A CT scanner with a higher voltage was used to visualize only the metal components. The scans revealed that when the actuator was pressed in the housing, it could move out of alignment. A revision of the assembly process was therefore called for.
The geometric inspection and virtual assembly were instrumental in understanding the component interaction and allowing Pneutronics to concentrate on the assembly process rather than the design process to enhance the valve.
Automation and Reports
PolyWorks offers a powerful scripting language that enables specialists to automate entire inspection tasks. All tasks previously discussed in this article can be automated and executed in one click of a mouse. It is just a matter of loading the next point cloud and having the results output to an Excel spreadsheet or uploaded to a Web server in HTML format. This level of automation is especially helpful when inspecting multi-cavity tools. Bolton Works has been using PolyWorks since 2003 to create inspection reports automatically from CT-scan data.
As seen by the results at Pneutronics, CT scanning proved to be a cost-effective way of implementing a viable inspection process of miniature valves. The use of traditional “contact” measurement tools had proven to be difficult. The use of a CT-scanner combined with the right software tools has enabled to establish a complete digital inspection process at Pneutronics, applicable at different phases of the manufacturing process (design, prototype, production, and assembly). This inspection method proved to be very effective in validating parts through global analyses, GD&T measurements, and virtual assembly.
PolyWorks has proven to be the most appropriate tool for handling CT-scanner data for various reasons:
- PolyWorks very efficiently handles the large datasets (2 GB) produced by CT-scanners.
- PolyWorks offers instant global analysis through data-to-CAD comparisons.
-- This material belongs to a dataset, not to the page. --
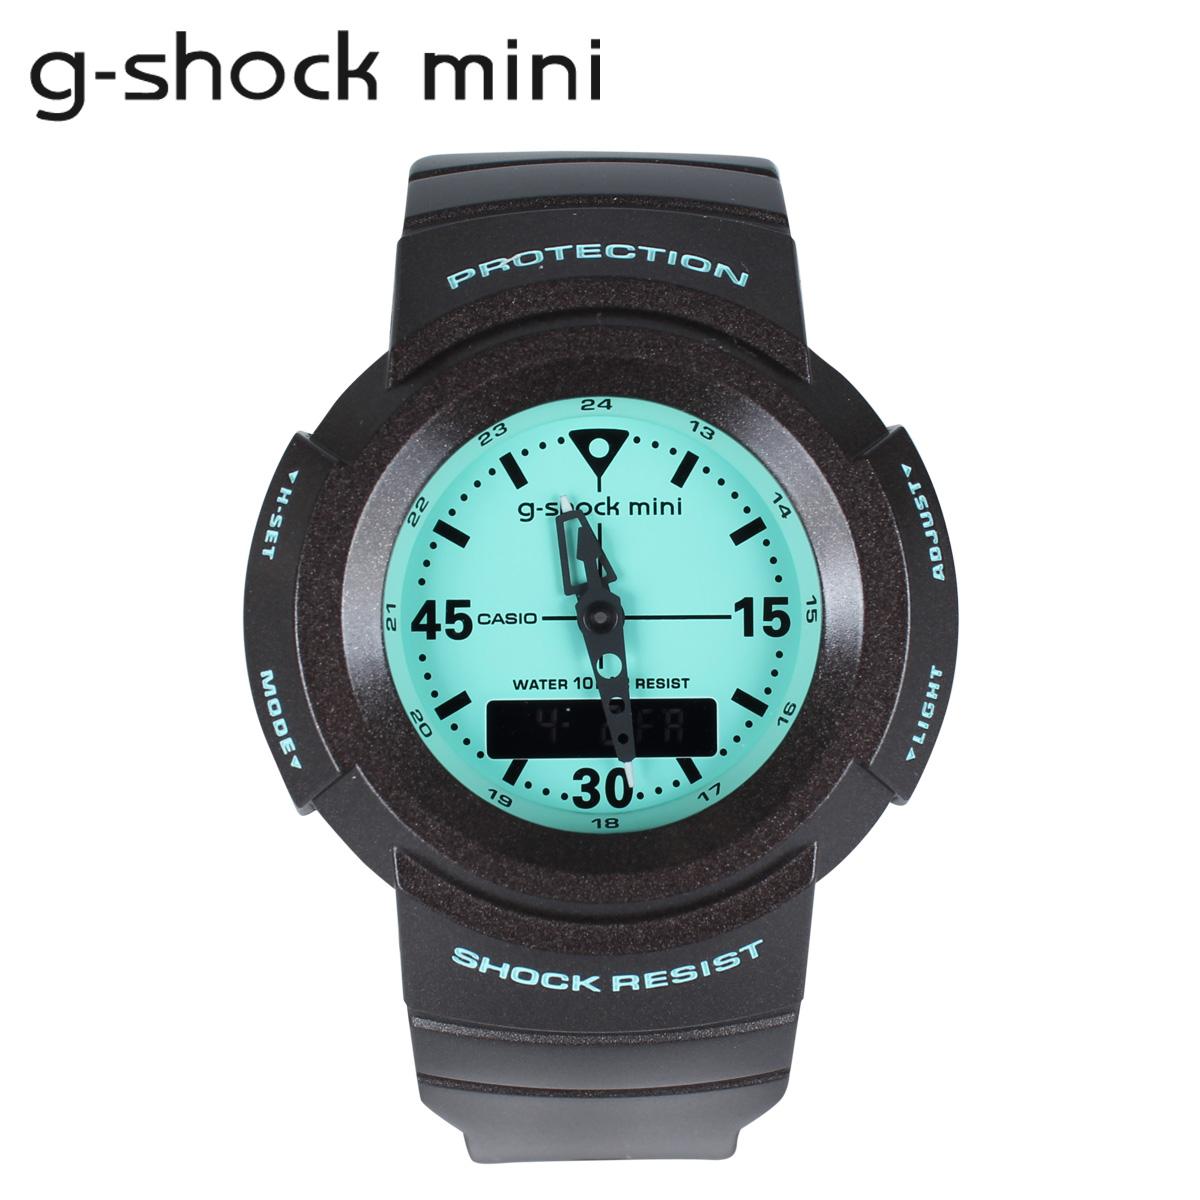 CASIO カシオ g-shock mini 腕時計 GMN-500-5BJR ジーショック ミニ Gショック G-ショック レディース

- PolyWorks has a unique embedded GD&T engine to verify that the parts comply to the latest (ASME Y14.5M-1994) standards.
- PolyWorks enables users to “virtually assemble” scanned data with CAD models.
- PolyWorks offers a powerful scripting language to automate inspection processes.
CT scanners require a substantial capital investment. By providing CT scanning as a service, Bolton Works made the technology affordable and still allows its customers to do their analysis in house, based on the point cloud and the help of the PolyWorks software solution.